Appeal from the United States District Court for the Northern District of West Virginia, at
Clarksburg. Thomas S. Kleeh, Chief District Judge. (1:18-cr-00058-TSK-MJA-1)
Submitted: February 26, 2026 Decided: March 3, 2026
Before NIEMEYER and QUATTLEBAUM, Circuit Judges, and FLOYD, Senior Circuit
Judge.
Affirmed by unpublished per curiam opinion.
ON BRIEF: Tracy Weese, Shepherdstown, West Virginia, for Appellant. William Rhee,
Assistant United States Attorney, OFFICE OF THE UNITED STATES ATTORNEY,
Clarksburg, West Virginia, for Appellee.
Unpublished opinions are not binding precedent in this circuit.
USCA4 Appeal: 25-4154 Doc: 21 Filed: 03/03/2026 Pg: 2 of 4
PER CURIAM:
Brian K. Griffey admitted to violating the terms of his supervised release by failing
to follow his probation officer’s instructions, failing to participate in a substance abuse
treatment program, committing new criminal conduct, and using and possessing controlled
substances. The district court revoked his supervised release and sentenced him to 24
months’ imprisonment with no additional supervised release to follow. Griffey’s counsel
has filed a brief pursuant to Anders v. California, 386 U.S. 738 (1967), conceding that there
are no meritorious grounds for appeal, but questioning whether the 24-month sentence
imposed by the district court is plainly unreasonable.
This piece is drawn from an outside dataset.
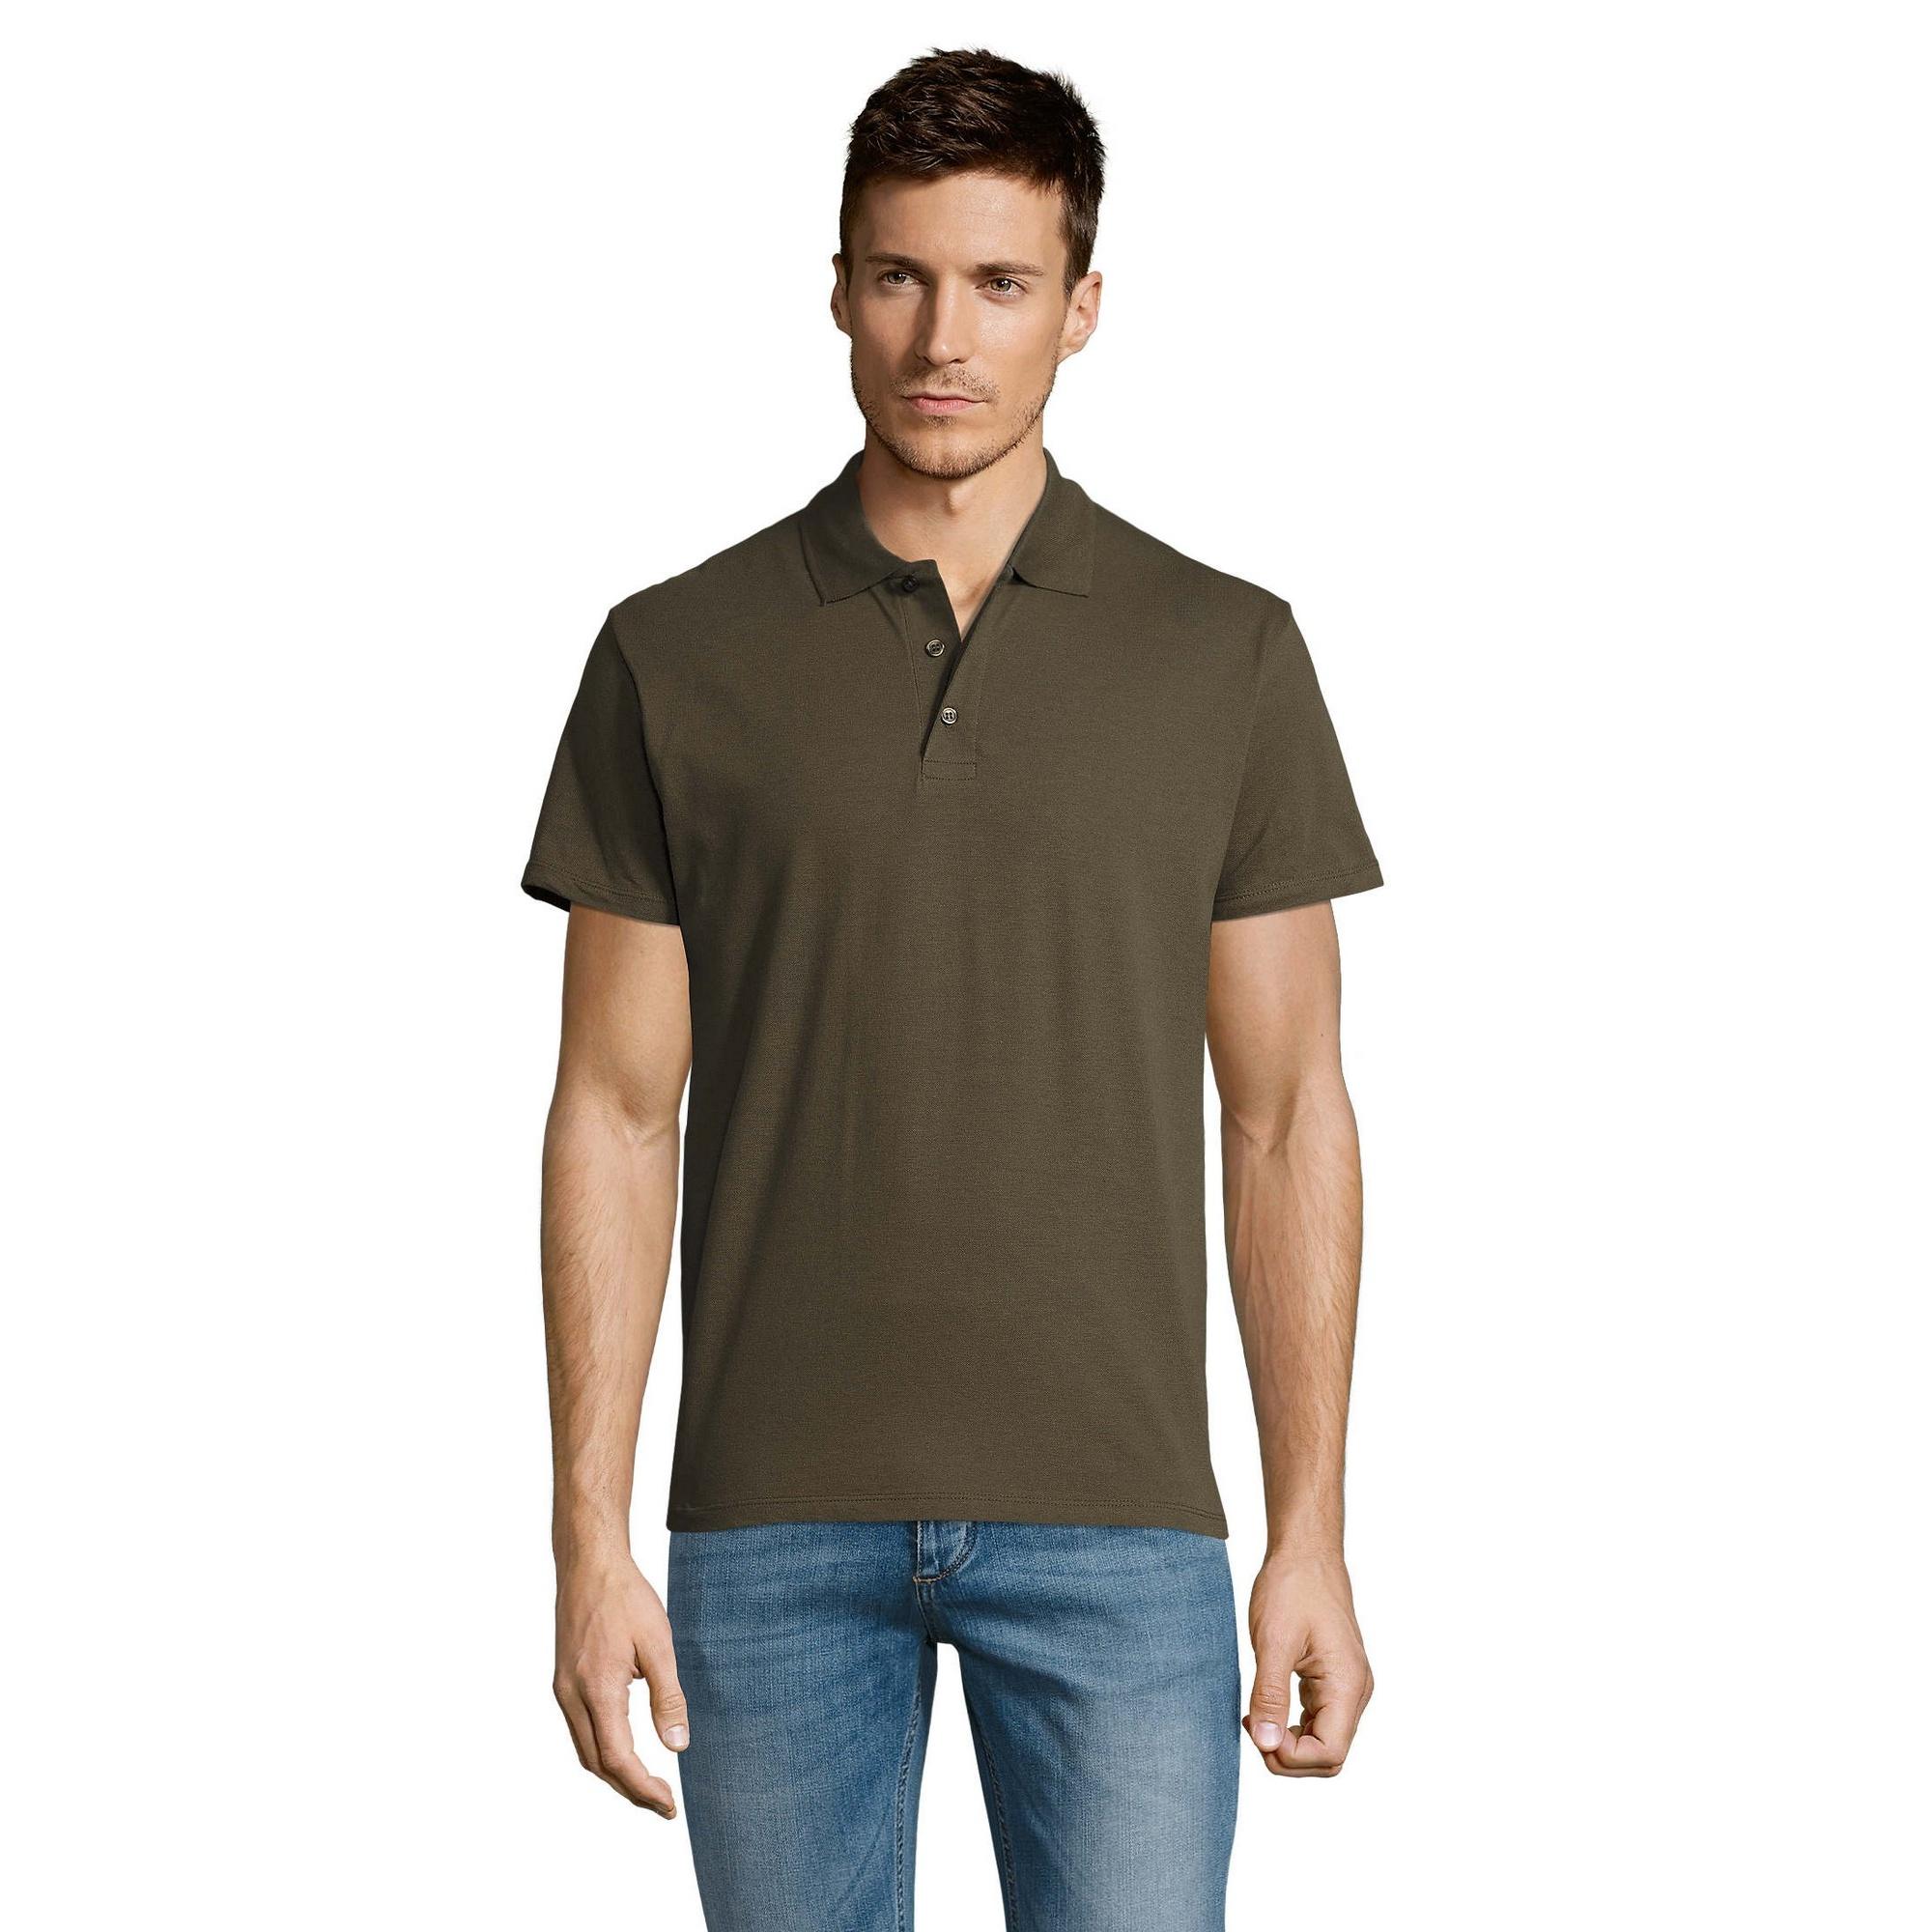 SOLS-Mens-Summer-II-Pique-Short-Sleeve-Casual-Plain-Polo-Shirt-T-Shirt-PC318 thumbnail 19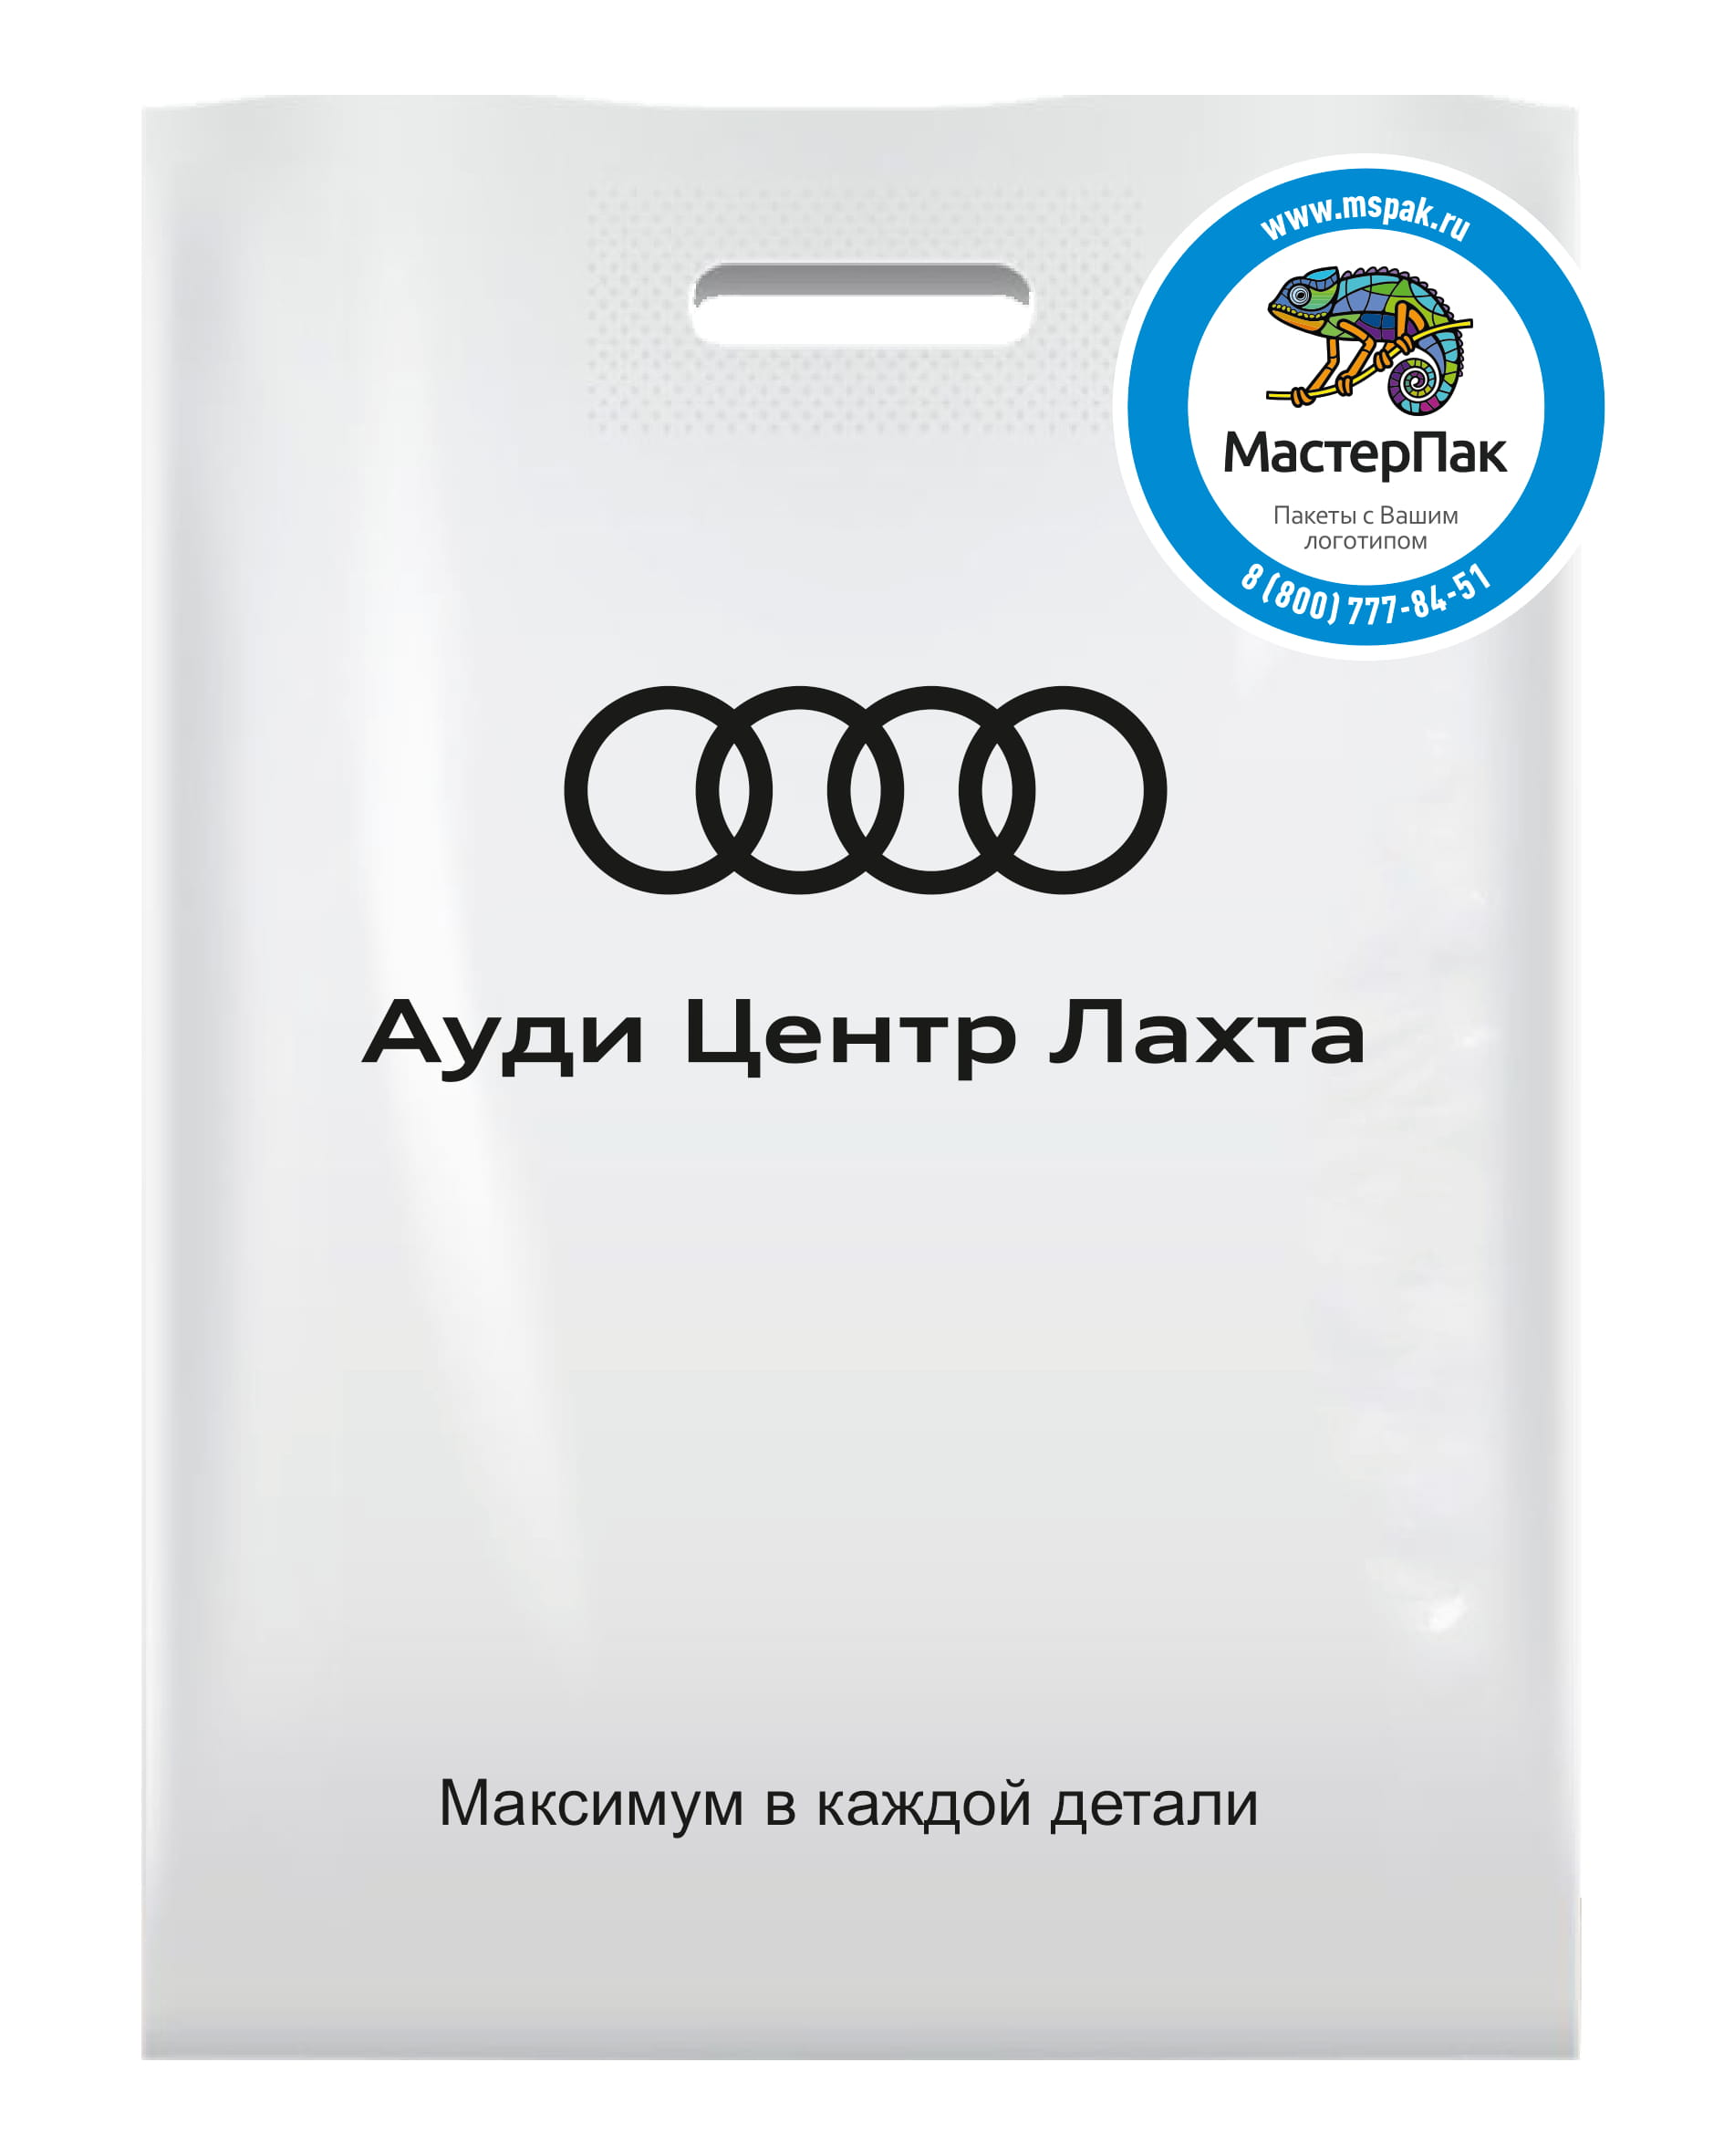 Пакет ПВД с логотипом Ауди центр Лахта, 70 мкм, 30*40, белый

Although notified of his right to do
so, Griffey has not filed a pro se supplemental brief. We affirm the district court’s
revocation judgment.
“A district court has broad discretion when imposing a sentence upon revocation of
supervised release.” United States v. Webb, 738 F.3d 638, 640 (4th Cir. 2013). “We will
affirm a revocation sentence if it is within the statutory maximum and is not plainly
unreasonable.” United States v. Slappy, 872 F.3d 202, 207 (4th Cir. 2017) (citation
modified). In determining whether a revocation sentence is plainly unreasonable, “we first
must determine whether the sentence is procedurally or substantively unreasonable.” Id.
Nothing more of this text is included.